───── DATASET EXCERPT ─────
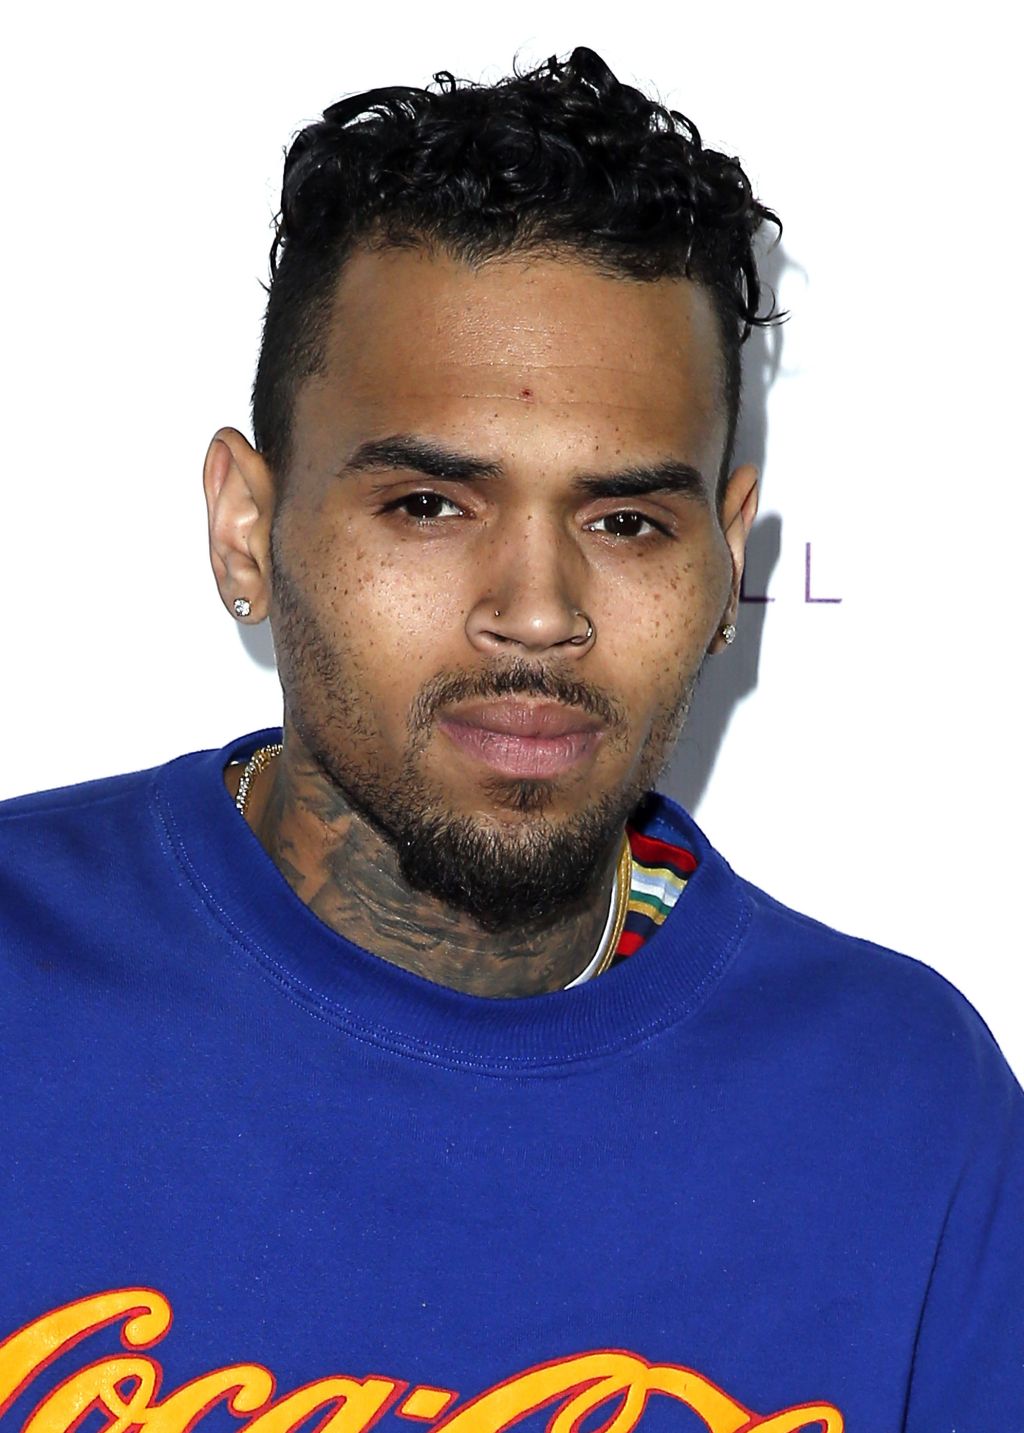 Chris Brown celebrates his birthday at Drais nightclub
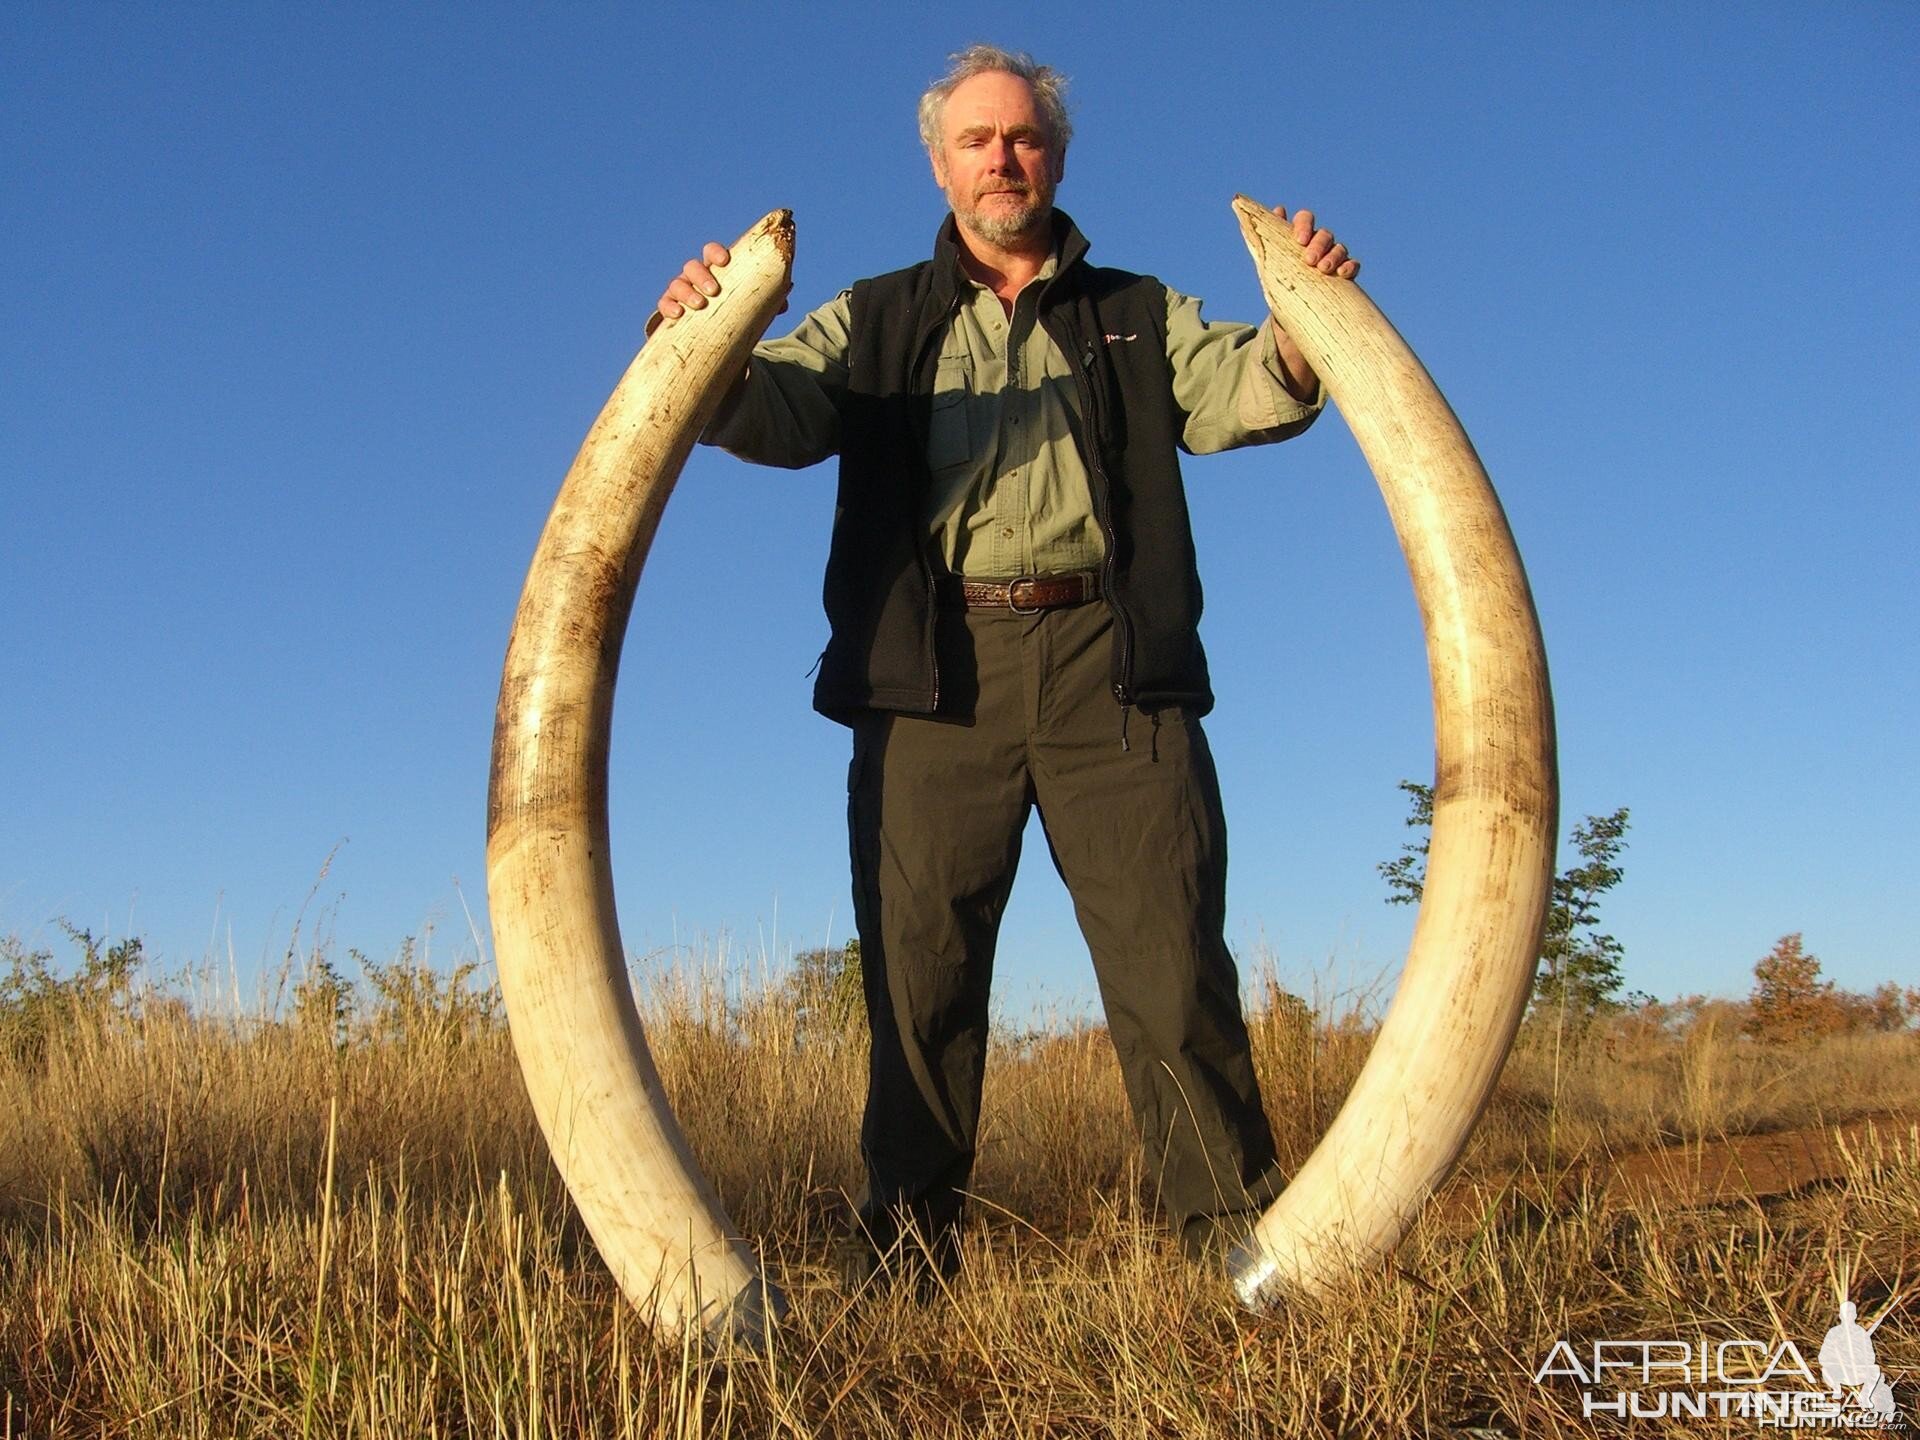 62 pound Elephant Bull
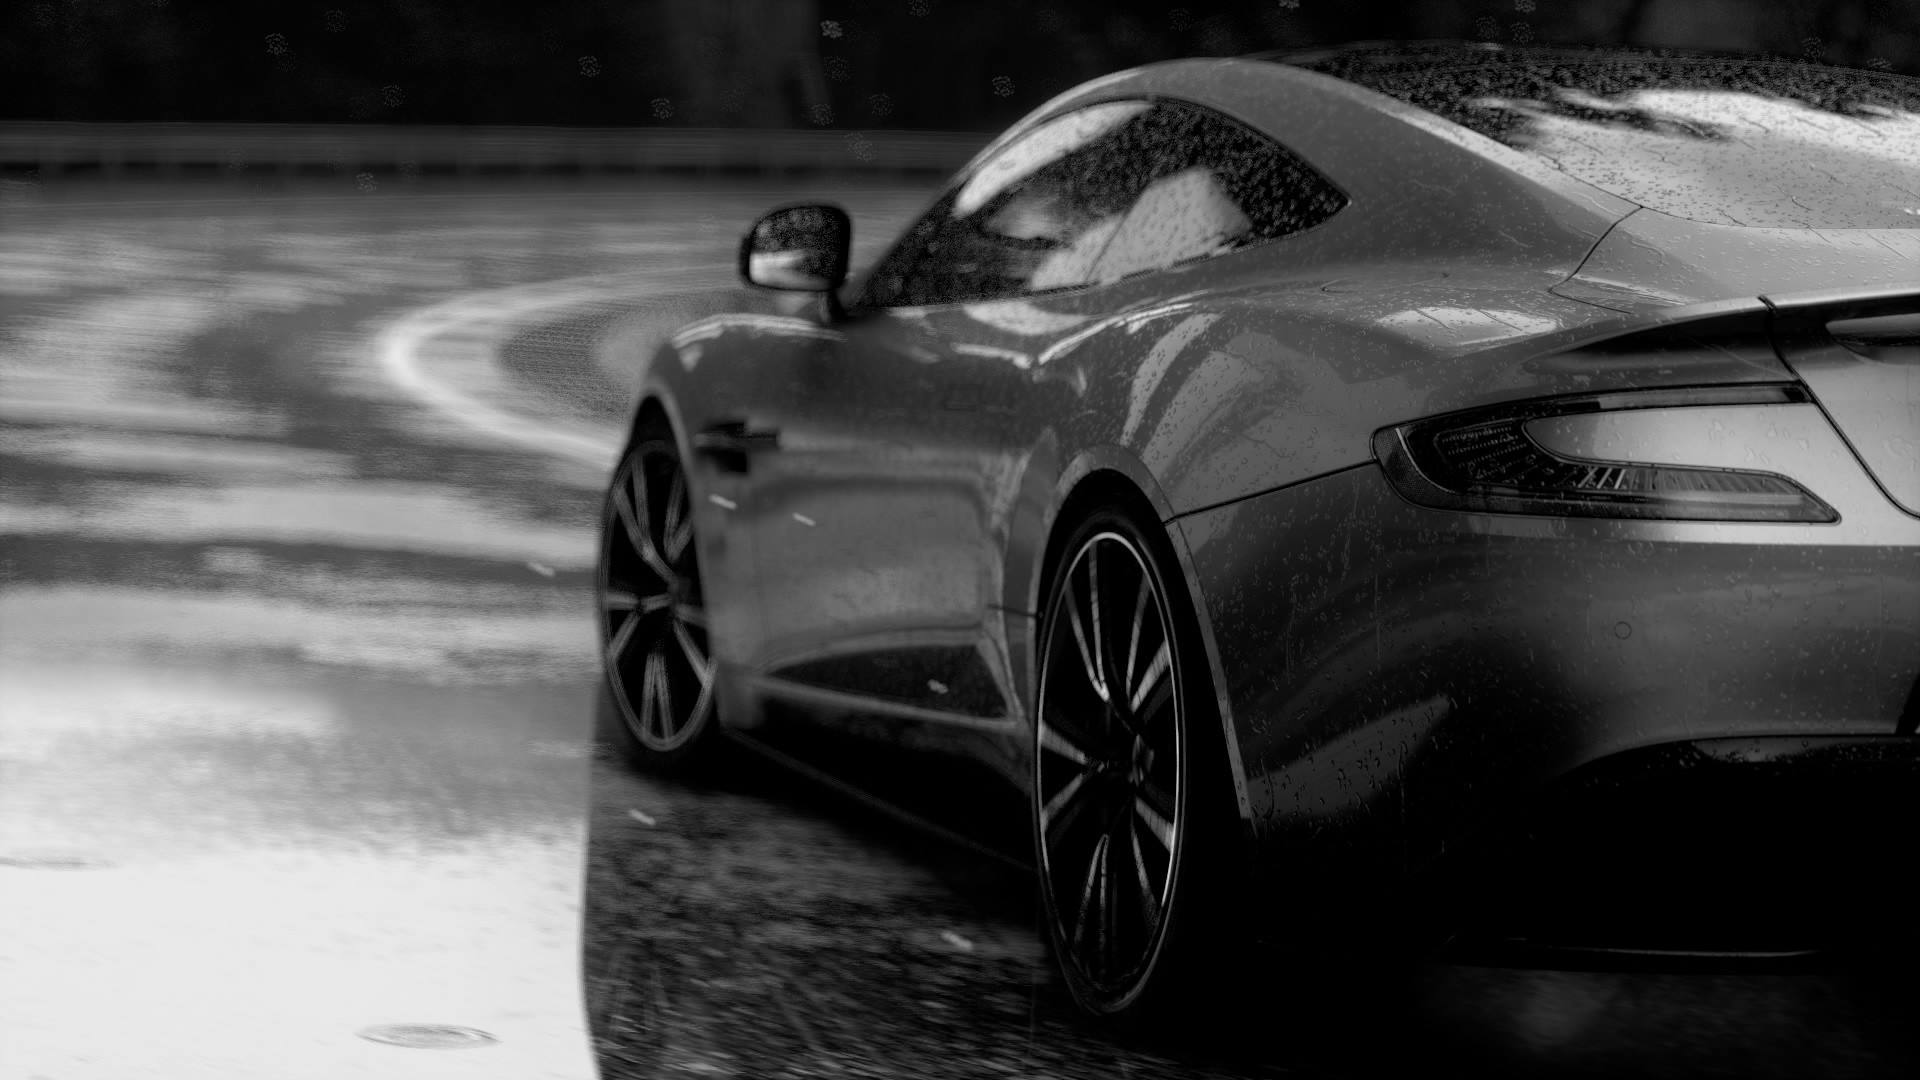 General 1920x1080 Driveclub car rain Aston Martin monochrome wet road wet vehicle video games screen shot
─────
* [WHAT TO PRODUCE] Would you restate the listing word for word and leave every picture out?

* [ANSWER AREA]
 Chris Brown celebrates his birthday at Drais nightclub
 62 pound Elephant Bull
 General 1920x1080 Driveclub car rain Aston Martin monochrome wet road wet vehicle video games screen shot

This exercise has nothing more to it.